Densho Digital Archive
Densho Visual History Collection
Title: Mas Akiyama Interview
Narrator: Mas Akiyama
Interviewer: Tom Ikeda
Location: Spokane, Washington
Date: March 15, 2006
Densho ID: denshovh-amas-01-0022

<Begin Segment 22>

TI: Well, what about other, like, organizations? You mentioned like Boy Scouts?

MA: Oh yes. I, I was very active, volunteer in the Boy Scouts. I served on the committees, served as scoutmaster and chairman of various committees, and I also was involved in getting people, I mean, Boy Scouts in this "inland empire" to go to Japan. We did a lot of advertising and recruiting. And I was able to get together seventy Boy Scouts, and we were able to take 'em to a Boy Scout jamboree in Japan, and we camped right at the foot of Mount Fuji there. The bad part there was the next day, we ran into a typhoon. [Laughs] And it blew all our tents down and flooded the place, and we had to evacuate out of there for, for three days and able to return later.

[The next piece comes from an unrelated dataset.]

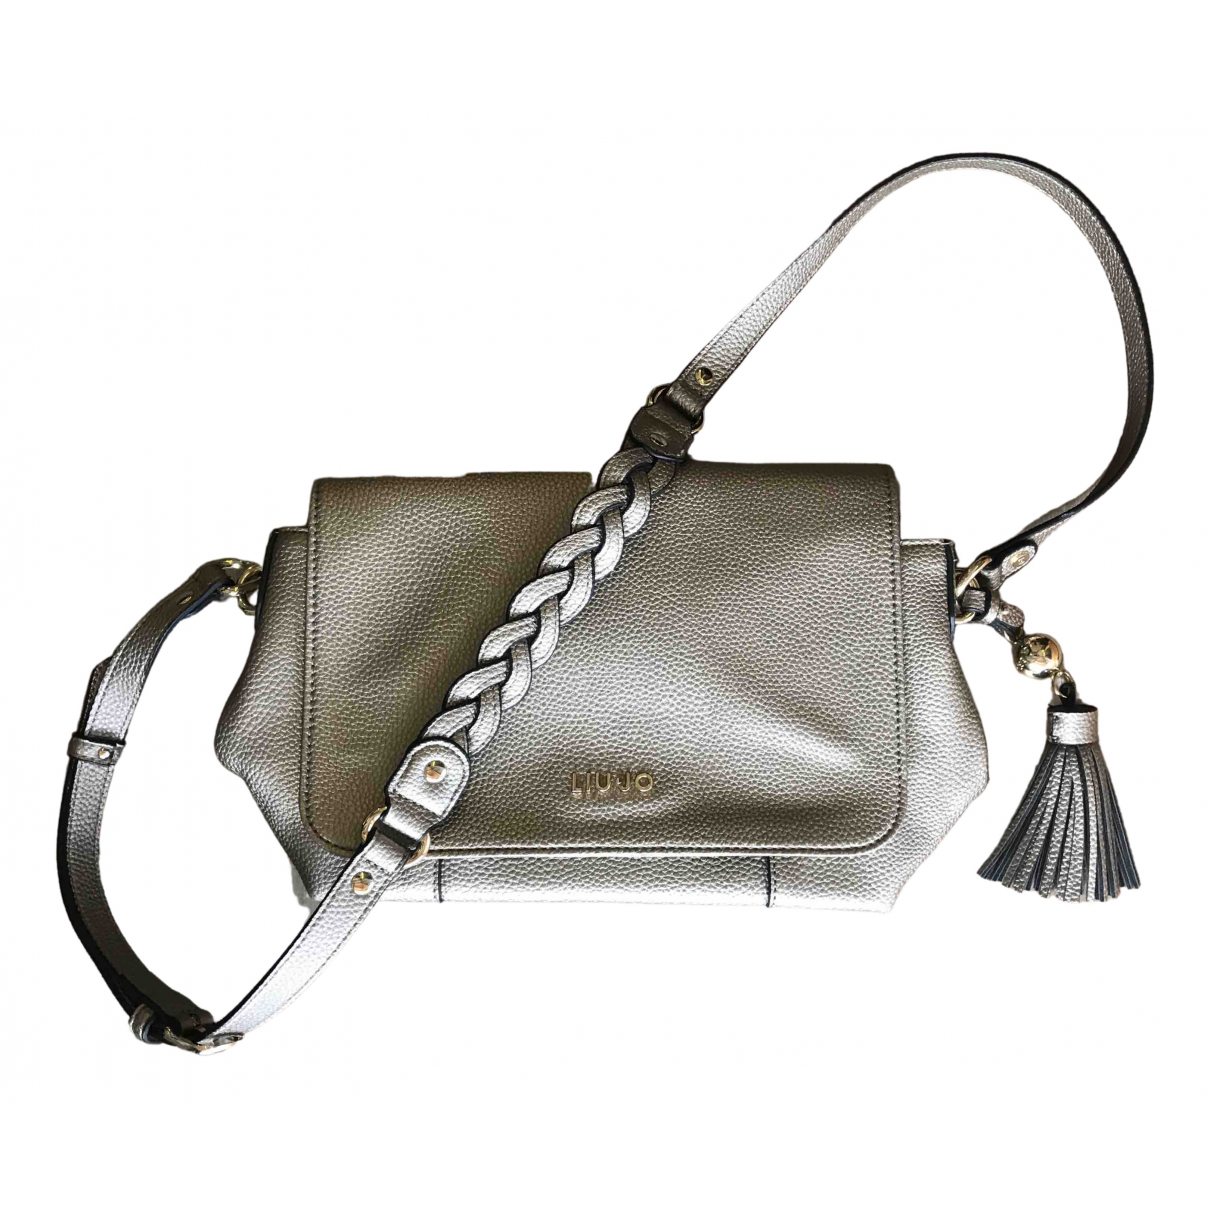 Liu.jo \N Gold Cloth handbag for Women \N

TI: There must have been thousands of scouts there, right?

MA: Oh yes, there were thousands of scouts, even from Seattle and all along the coast. As I say, I met one friend in Seattle, I think it was Nishimura.

TI: So when you did Scouts, was it with a Japanese American troop, or was it a more Caucasian troop?

MA: Mostly Caucasian. We had about four or five from our church, and they were very, very good scouts. Some of 'em made Eagle rank, and they still keep in touch with me, these, some of these Sansei scouts.

TI: Now did, were you very involved with, like, Japanese American organizations like the Methodist Church and things like that?

MA: Oh yes. I was, I was quite active, various, chairman of various organizations and we used to have an old church down on Cowley and Fourth Avenue and we got too old, so I've become building chairman, me and another Issei, Mr. Kuroiwa. We got together and raised funds from the Japanese community to build a church where it stands now on Garfield, on Garfield and Hartson there. We were able to build that church in 1950, about 1955, I guess it was.

TI: And you were one of the, the, oh, I guess campaign chairs for that?

MA: Yeah, I was a, I was a...

TI: The Nisei...

MA: ...chairperson and finance chairman.

TI: Wow.

MA: And we built that church. And we raised seventy-five thousand dollars, which at that time was a lot of money. But oh, we got started building, we had a Nisei contractor build it, you know, but it went way over estimate, and by the time it got built it was $125,000. We had to borrow twenty-five (thousand) dollars from the headquarters of the Methodist Church, and they gave us that money. [Laughs] And then, and about five years later, we paid that all off.

TI: So now when you look at today, 2006, the Methodist Church, is it still a large, thriving Japanese American church, or is it changing?

MA: It's changing fast, yeah. A lot of your chairmen are Caucasians, at least three, three of them. Four of them are Japanese. Gary Saiki, he's an architect, he's, he's the lay leader and chairperson right now. Yeah, Buddhist Church is, too, prospering right now. And they too, it's not all Japanese, but there are Caucasians getting involved, especially Christopher Marr, (a Nisei). I don't know whether you know him, he's a businessman. He runs an auto dealership on Northshore Drive that he's a very active, he and his wife were both active in the Buddhist Church. He has a Caucasian wife, and she's a very strong Buddhist. And they're able to, I think, almost half are Caucasians now at that Buddhist Church. Yeah, it's thriving.